In 2019, Tunde Kara, Olumide Fyandin, Gatumi Aliyu and Wale Oyepeju, Vendeas, African restaurants and food purchases for food enterprises were established.
The beginning, it was claimed that the cost of food supply, which is the value of the enterprises working every year. There was up to 2022 400,000 metric tons of food for more than 2000 clients were transferredThe acquisition said that the cost of purchasing costs $ 2 million and Nigeria, on its main market, reducing the costs of jumping for about $ 500,000.
However, the last two years, the vende and many of the many Nigeria were brutal without FX-denomination income. The series in September 2022, Nigeria’s revenues in Naira have risen three times, but in the last three years, the sharing depreciation of the currency has deleted gains according to the dollar terms. Inflation increased operating costs to increase the income for capital and human intensity.
Over the past year, one of the main income drivers of the vende is then paid the product. Traditional loans often avoid food institutions due to volatility and fragmentation. However, Vendase manages the knowledge of the credit chain with a market place connecting financial institutions with food institutions.
The company requires a standard rate under 1% over the past two years and has More than $ 70 million on credit Since September 2024.
CFO Mohamed Chaudry has joined January 2024, helped to identify BNPL as the main way of profitability.
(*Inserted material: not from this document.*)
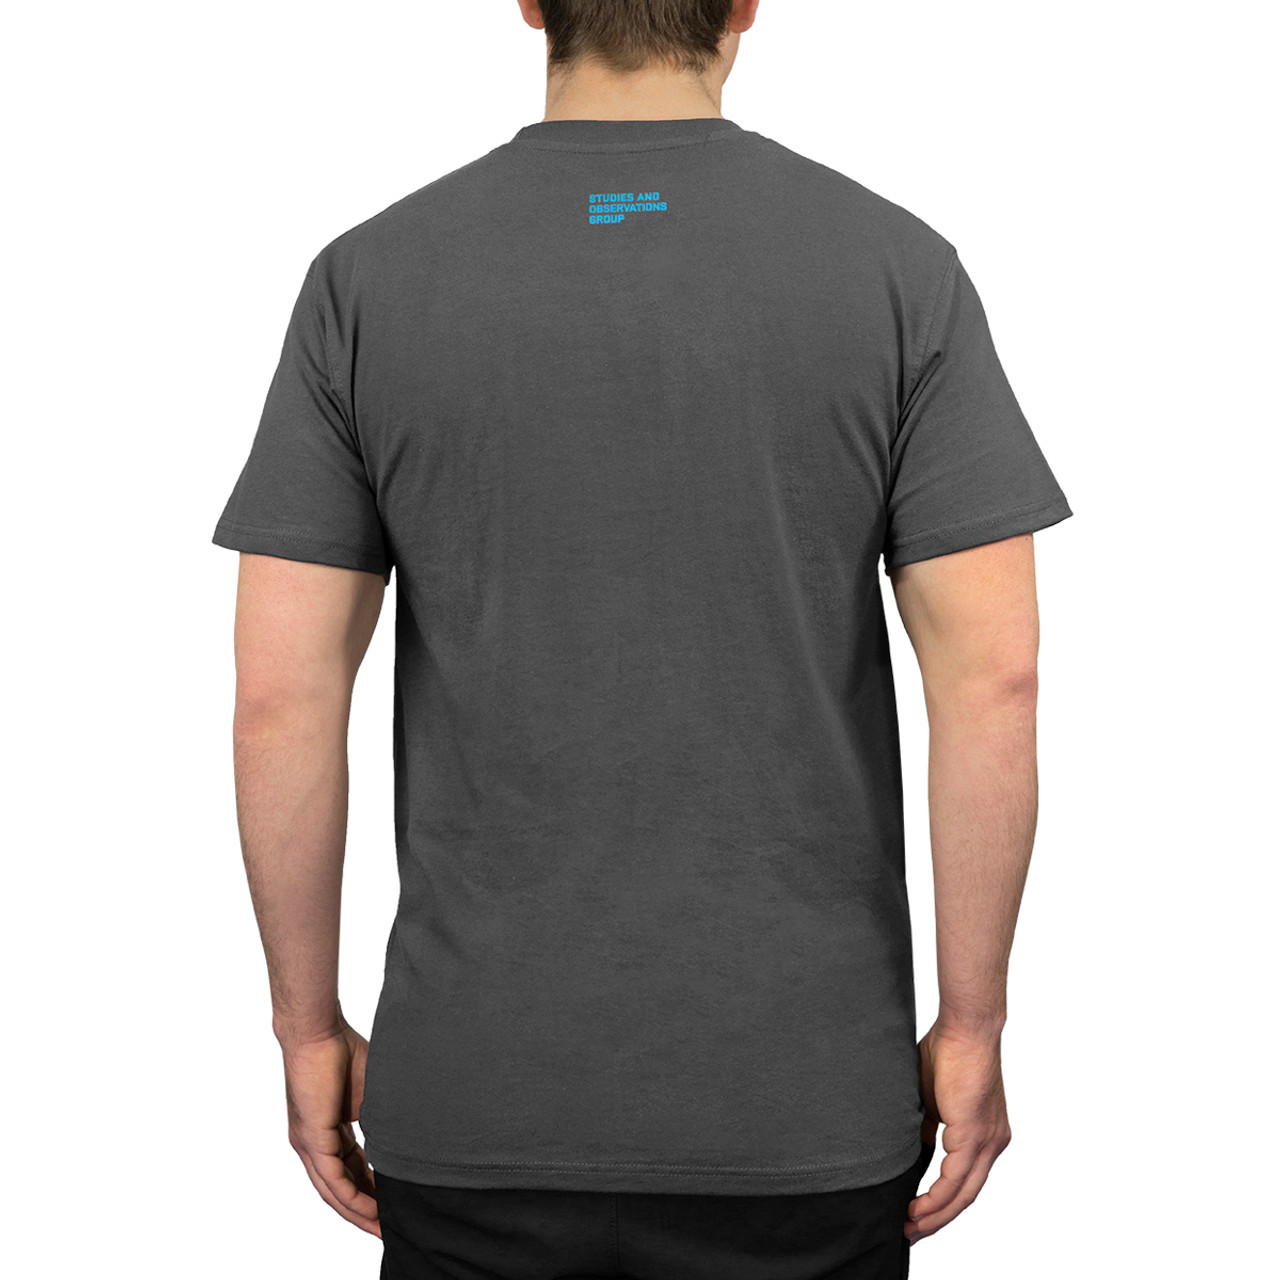 SOG T-Shirt - Dark Grey with Blue Logo

But despite some of the last sticks, the loan product is not enough to get a vendee there.
His appointment has set off the proceeding again to tighten financial controls and expand the cash runway, which can last only a few months according to sources.
Thus, the company will use a bridge to increase the round and in negotiations with new investors, it will be used to finance technology growth and expanding than the operating costs.
Meanwhile, the sources also say that Vendea Horeca (hotels, restaurant, restaurant and catering) and other players in the FMCG sector are investigating potential sales.
The company is in addition to the controversy, and it insists that it is another way. “When you are a fast-growing job that works in a unique space, especially for M & A, yes, Vendeye approached, but the founders are not sold soon, we pay attention to a spokesman,” he said.